Segment Open
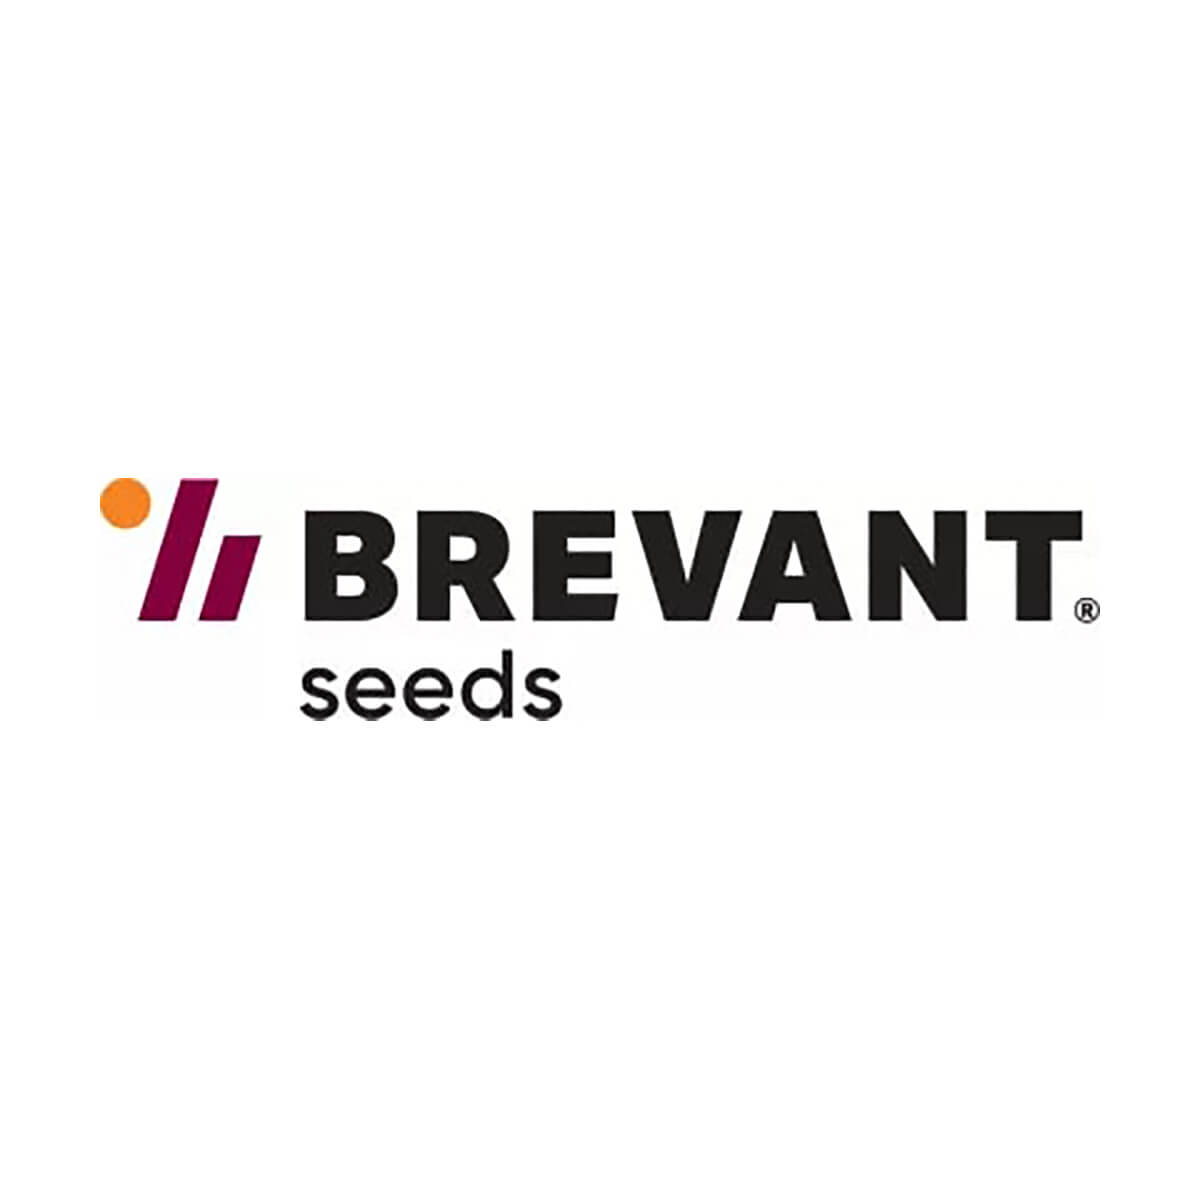 Brevant® seeds B3012
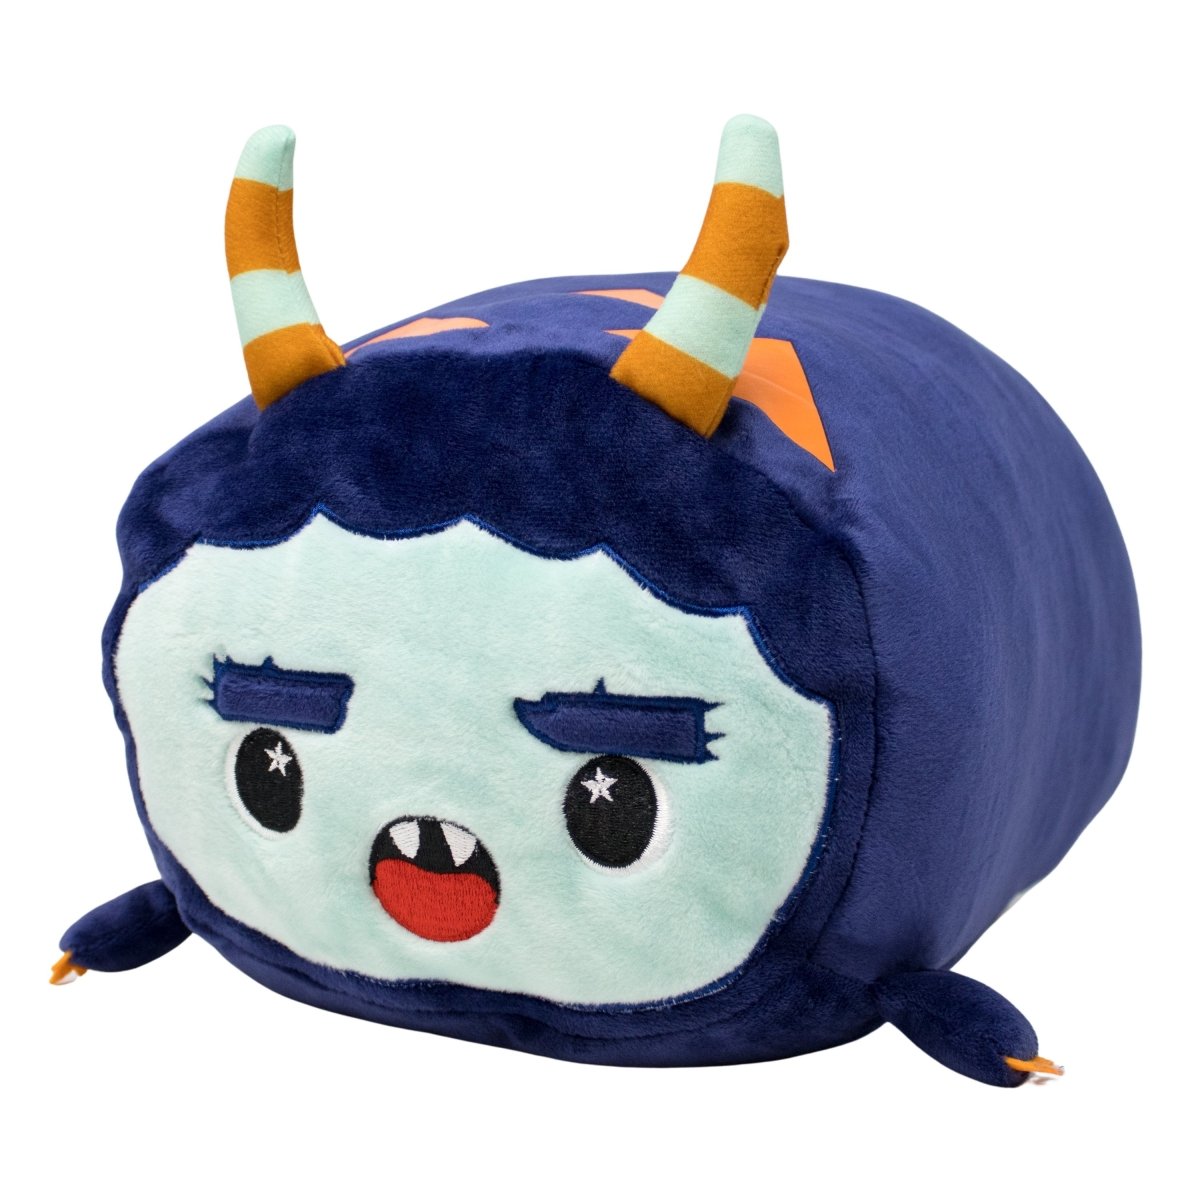 Dark Blue Monster Stuffed Animal with light blue face.
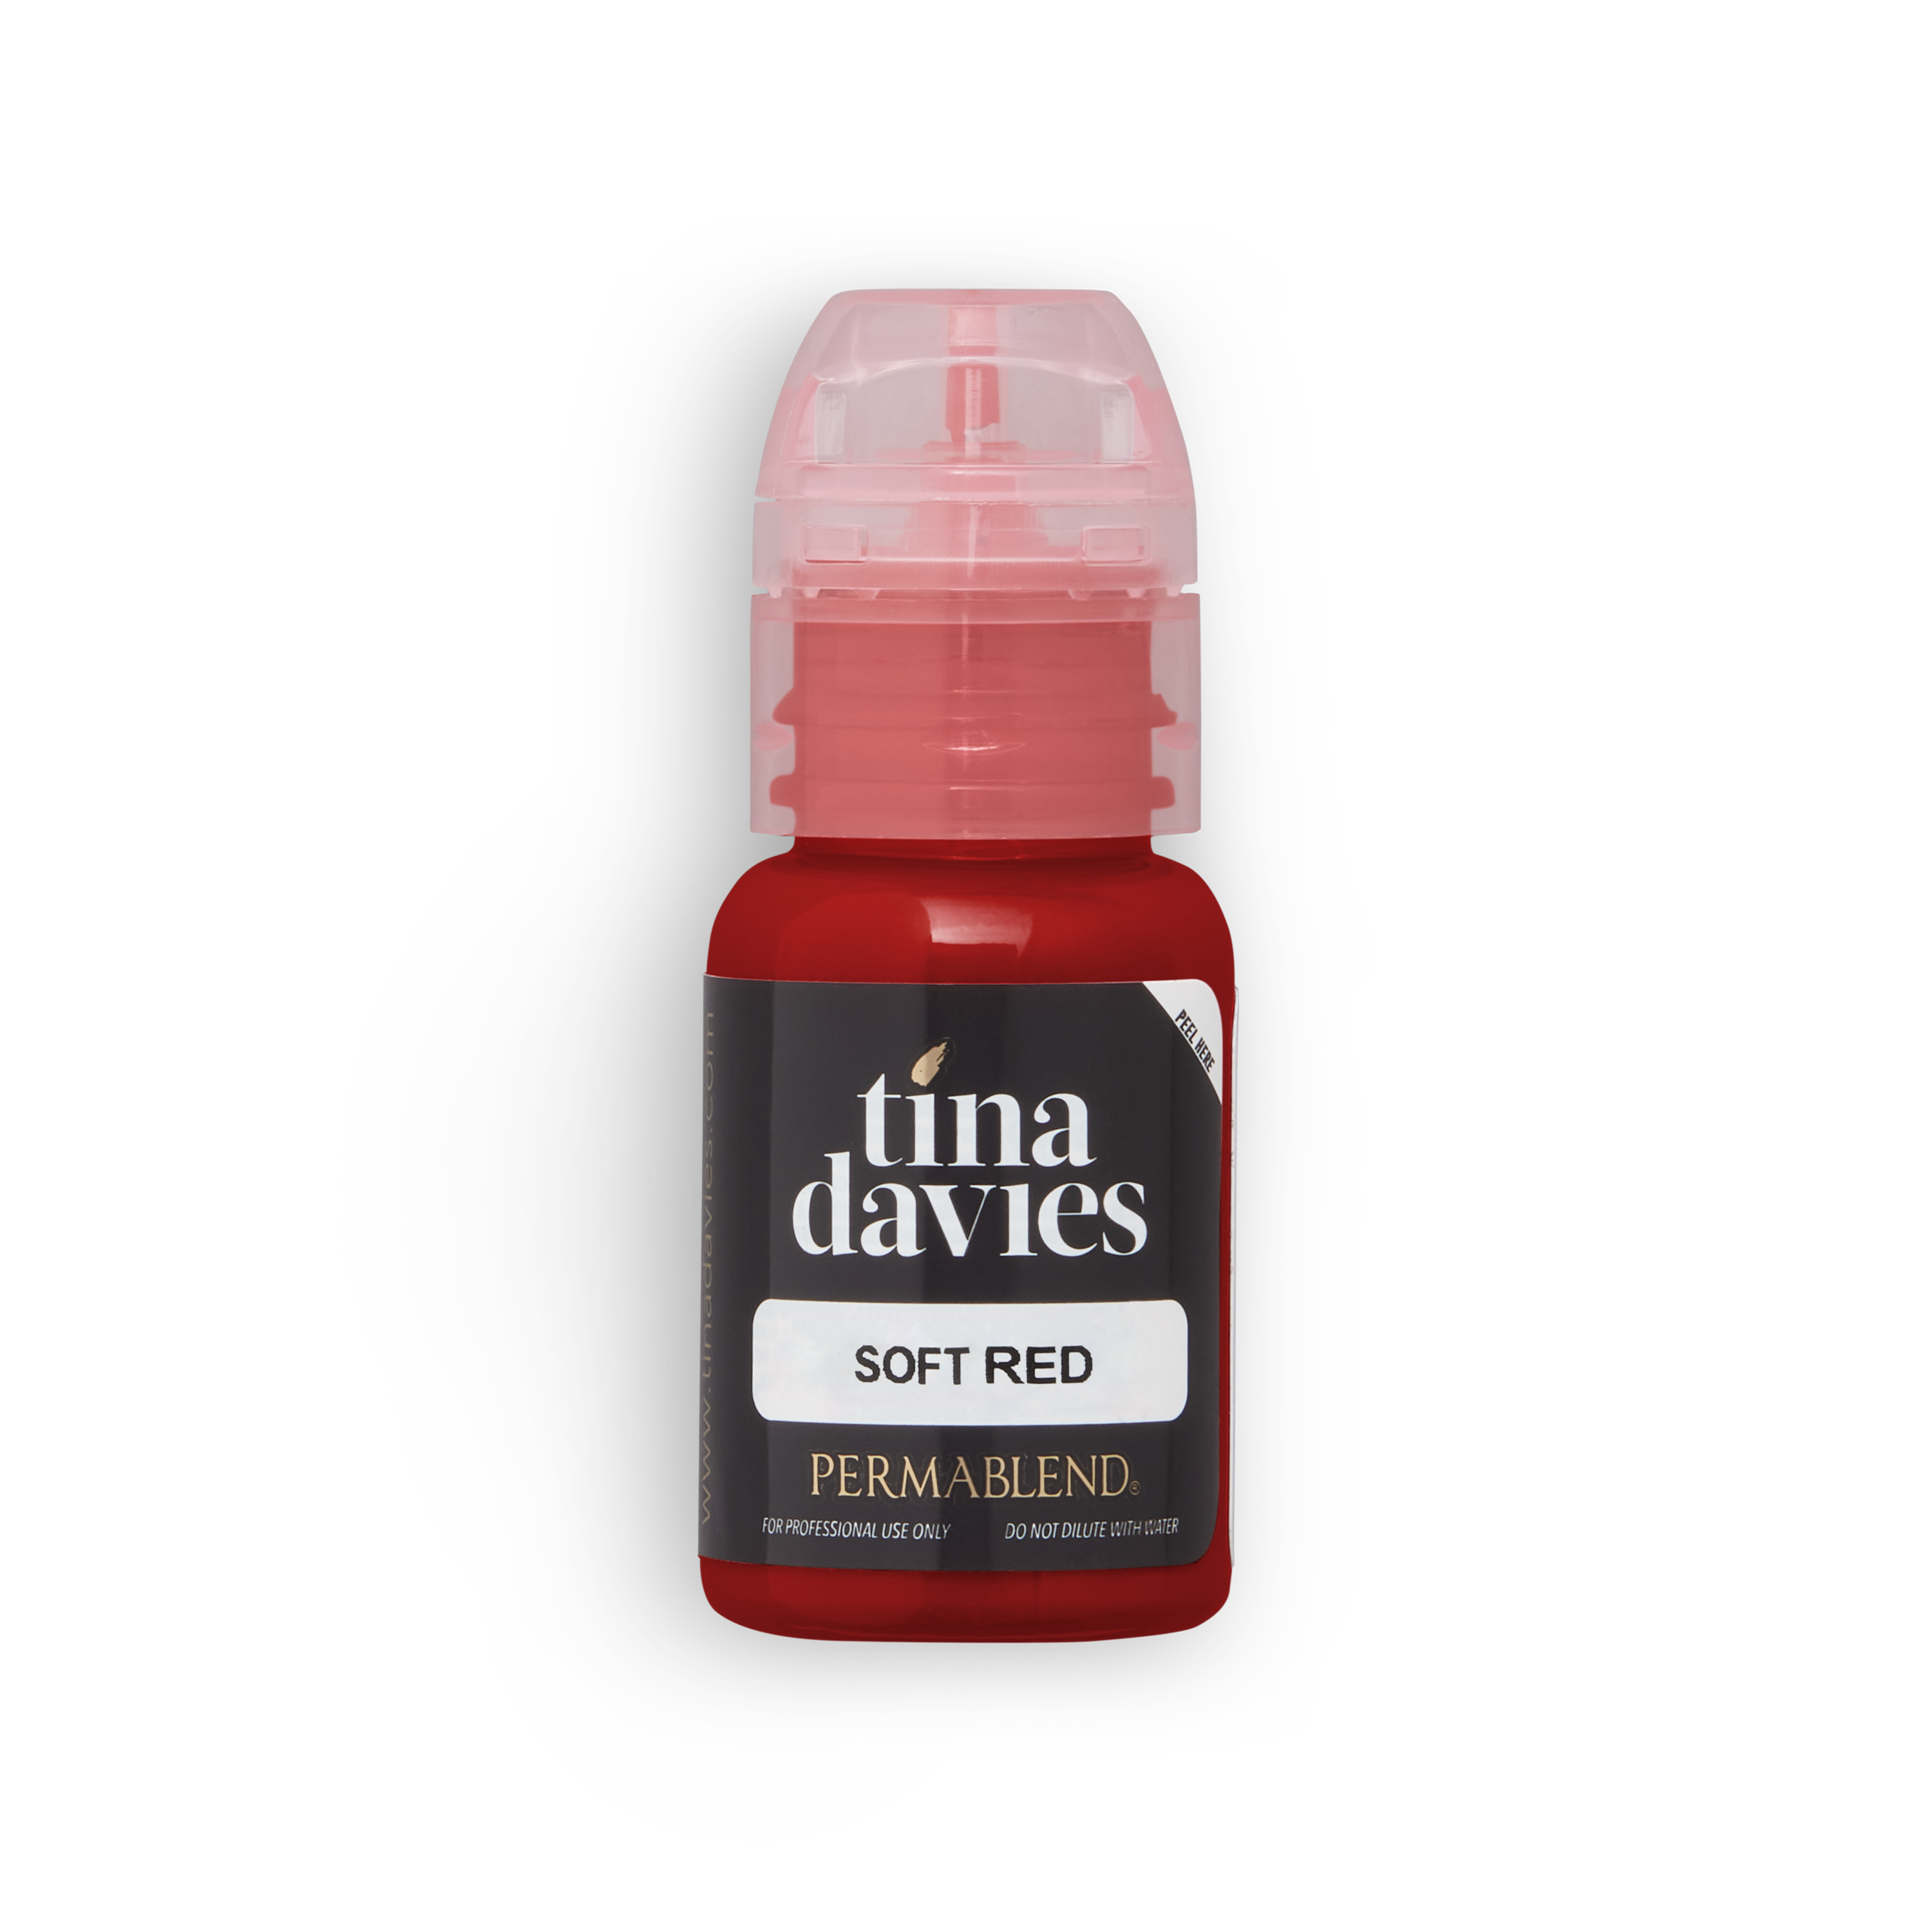 Soft Red pigment by Tina Davies, Permanent Makeup pigment, Perma Blend pigment, close up
Segment Closed
● **Problem to work on**
Output all data exactly, omitting images.

● **Response to this exercise**
 Brevant® seeds B3012
 Dark Blue Monster Stuffed Animal with light blue face.
 Soft Red pigment by Tina Davies, Permanent Makeup pigment, Perma Blend pigment, close up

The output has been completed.